How Client-Side OCR Reads Text From Images
Technical explainer on how the browser-based Image Text Extractor uses Tesseract.js (WebAssembly) to recognize text locally, walking through the worker model, binarization, page segmentation, the LSTM recognizer, the language model, and the tool's post-processing, grounded in the real ImageTextExtractor component.
Optical character recognition sounds like it should need a server. You have an image of text, you want the text back, and that feels like a job for some heavy model running on a GPU somewhere. But the entire pipeline runs perfectly well inside a browser tab, and that is exactly how the OCR tool on this site works. The image you drop never leaves your machine.
The engine doing the work is Tesseract, compiled to WebAssembly and wrapped by the tesseract.js library (version ^6.0.1 in our package.json). Tesseract began as a research project at Hewlett-Packard, was open-sourced in 2005, and its modern recognition core is a neural network rather than the older pattern-matching approach. Running it in the browser means the WASM binary, the engine, and the per-language model files all download once and then execute locally against the pixels of your image.
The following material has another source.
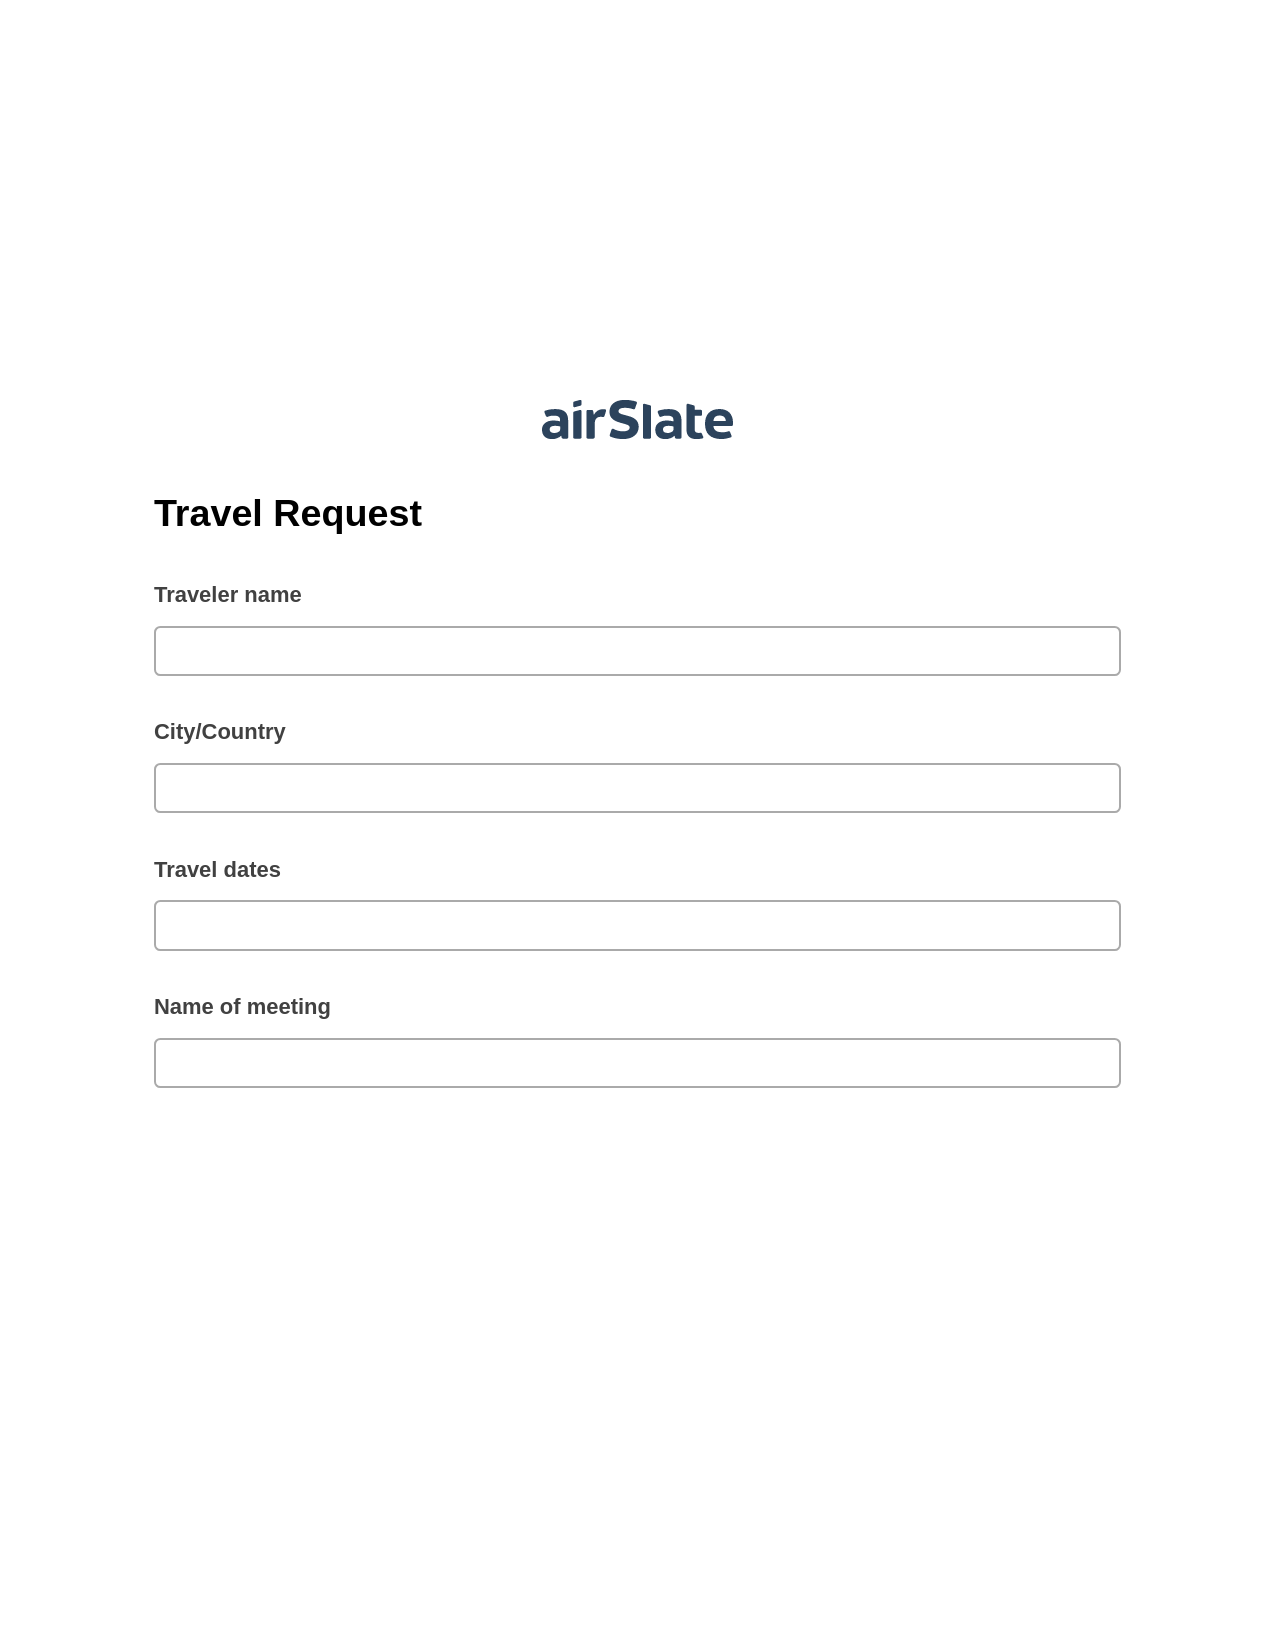 Multirole Travel Request Pre-fill Dropdowns from Google Sheet Bot, Create slate addon, Export to NetSuite Record Bot

This post walks through what actually happens between "here is a PNG" and "here is the text," using the real code from our ImageTextExtractor component as the reference. No part of this is hand-waving about how OCR works in general: every parameter mentioned is one the tool actually sets.
The worker model
The first thing the component does is spin up a Tesseract worker. Workers matter because OCR is CPU-heavy and you do not want it blocking the UI thread that is painting your progress bar.
import { createWorker, PSM, OEM } from 'tesseract.js';
const langs = secondaryLanguage
? `${selectedLanguage}+${secondaryLanguage}`
: selectedLanguage;
const worker = await createWorker(langs, OEM.LSTM_ONLY, {
logger: (m) => {
if (m.status === 'recognizing text') {
setProgress(Math.round(m.progress * 100));
}
// ...other status branches
},
});
Three things are decided right here. The langs string tells the worker which language model files to fetch. The second argument, OEM.LSTM_ONLY, picks the OCR Engine Mode. And the logger callback is how the worker reports progress back, which is why the UI can show statuses like "Loading OCR core," "Loading language traineddata," and a percentage during the recognition phase.
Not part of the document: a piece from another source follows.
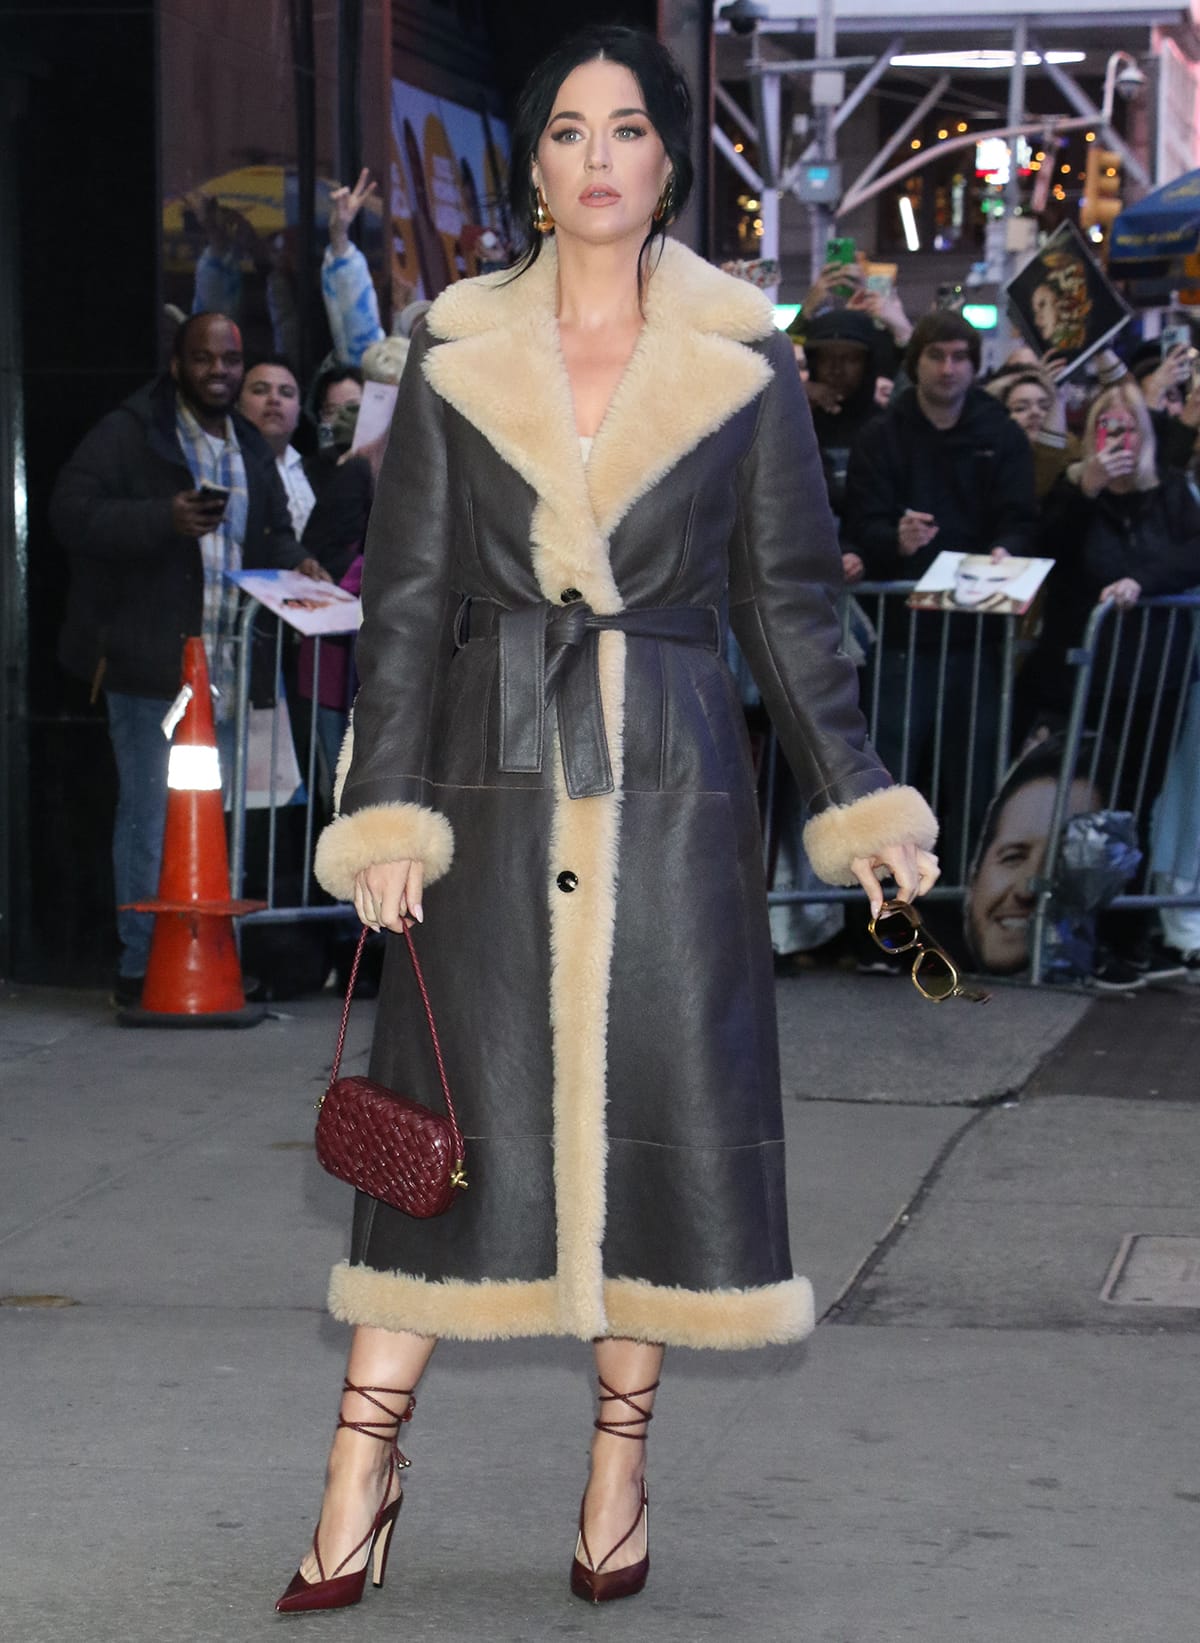 Katy Perry kicks off her day with a guest appearance on Good Morning America wearing a Bottega Veneta brown leather shearling-trimmed coat and a burgundy mini dress underneath

OEM.LSTM_ONLY is the important one. OEM stands for OCR Engine Mode, and Tesseract historically shipped two engines: a "legacy" engine based on character-shape pattern matching, and an LSTM engine, which is a recurrent neural network. By selecting LSTM only, the tool uses the neural recognizer exclusively. That choice changes what the model files are (they contain trained network weights, not just glyph templates) and generally produces better results on real-world fonts.
The recognition pipeline, stage by stage
When you call worker.recognize(imageFile), Tesseract runs a sequence of stages. Understanding them explains why some images read cleanly and others come back as garbage.
Binarization
OCR does not reason about color. The first step is to convert the image to pure black and white, a process called binarization. Tesseract uses Otsu's method by default, which picks a threshold by looking at the histogram of pixel intensities and choosing the cutoff that best separates the two clusters (dark ink, light background).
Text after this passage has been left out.